The policyholders argued that a "value of information" damages theory, which would not constitute restitution, could have provided damages for the cost of providing the information that was withheld. Although acknowledging that there was no evidence that this theory was ever advanced in the underlying litigation, the court held that this theory of relief created a genuine issue of fact precluding summary judgment. As such, the court reversed the district court's ruling that the only relief asserted was uninsurable restitution. Having found that there was thus a possibility of insurable "loss," the court further held that, if it were established on remand that a portion of the settlement was for insurable "loss," then the insurers would be liable for defense costs in connection with the underlying actions.

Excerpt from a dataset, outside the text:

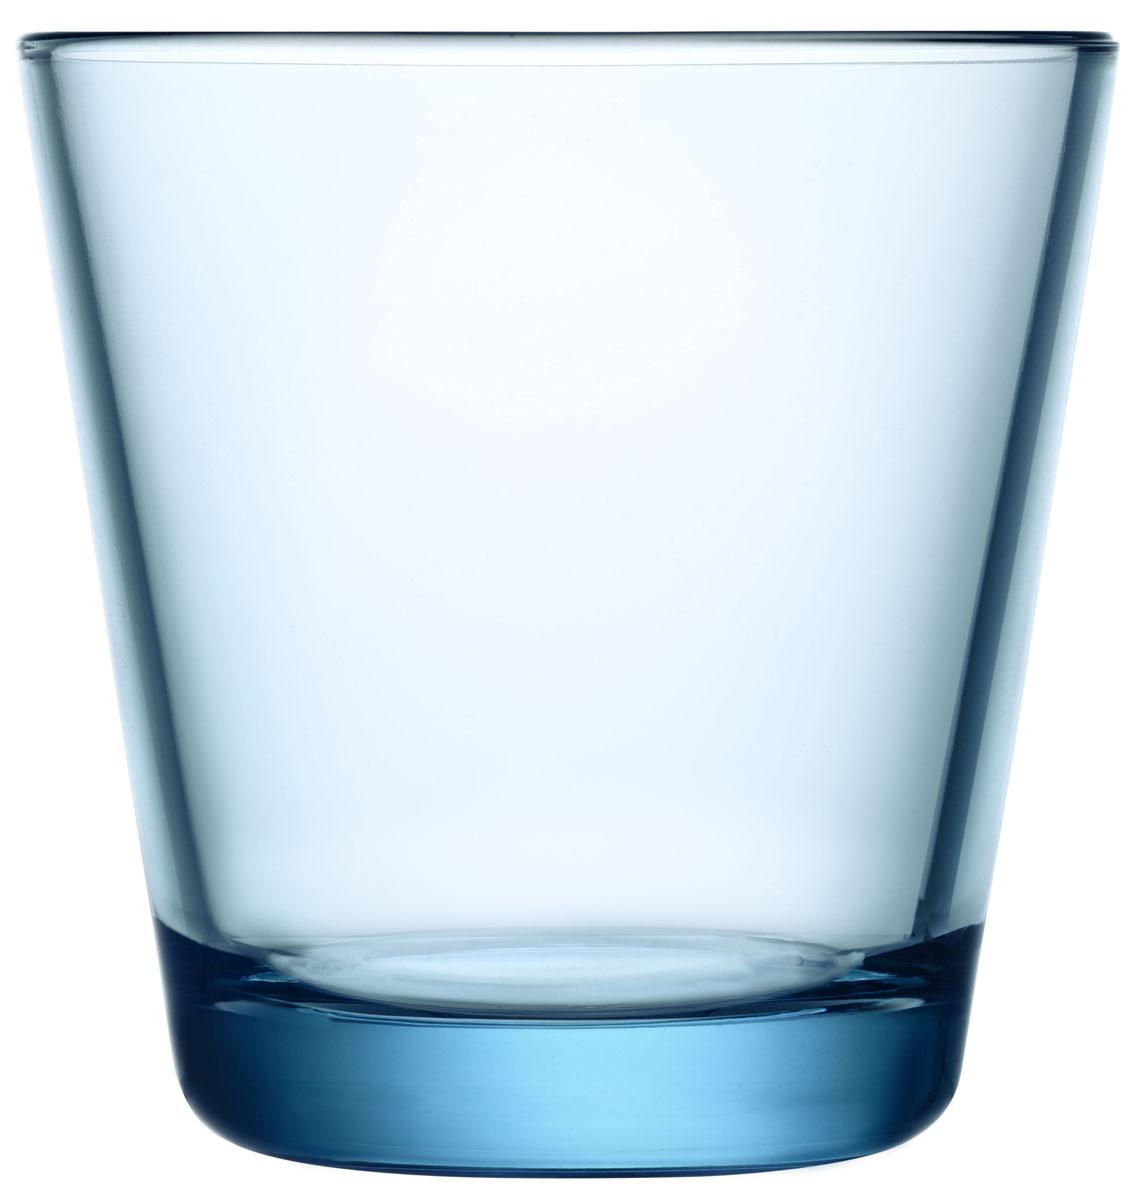 Набор стаканов Iittala Kartio, цвет: голубой, 210 мл, 2 шт1008536Стаканы Iittala выполнены из высококачественного стекла. Изделия имеют удобную изящную форму, которая позволит им комфортно лежать в вашей руке. Дизайн стаканов будет радовать глаз. Легкий и прочный материал обеспечит сохранность изделия в течение многих лет.

The court then addressed the contention that the indemnity agreement precluded coverage for the indemnitee policyholder. According to the insurer, the indemnitee suffered no "loss" because another party fully paid for the settlement obligations of its insureds on its behalf. The court noted that, for coverage under the company reimbursement provision of the relevant policy, there was a "requirement that the Company 'has indemnified' its directors and officers." The requirement "appears to require that the Company must in fact make payments on behalf of its officers and directors." Because the insured company admitted that it did not make any payments on behalf of its directors and officers, the court concluded that it had suffered no "loss" under the reimbursement coverage provision.
The court also considered the insured company's claim for entity coverage for the settlement and noted that the policy language for that coverage part required the insurer to pay damages or expenses if the insured was "legally liable as a result of a covered claim." The court concluded the insured had suffered a "loss" under the policy under that coverage part. However, because the company had been indemnified by the other company for such "loss," the court concluded that it did not have "a right to recover twice for the same loss," and held that the insurer had no further obligation to the indemnified policyholder. The court then noted that it "express[ed] no opinion whether [the insurer] could possibly be obligated to contribute to the party" that previously indemnified the policyholder.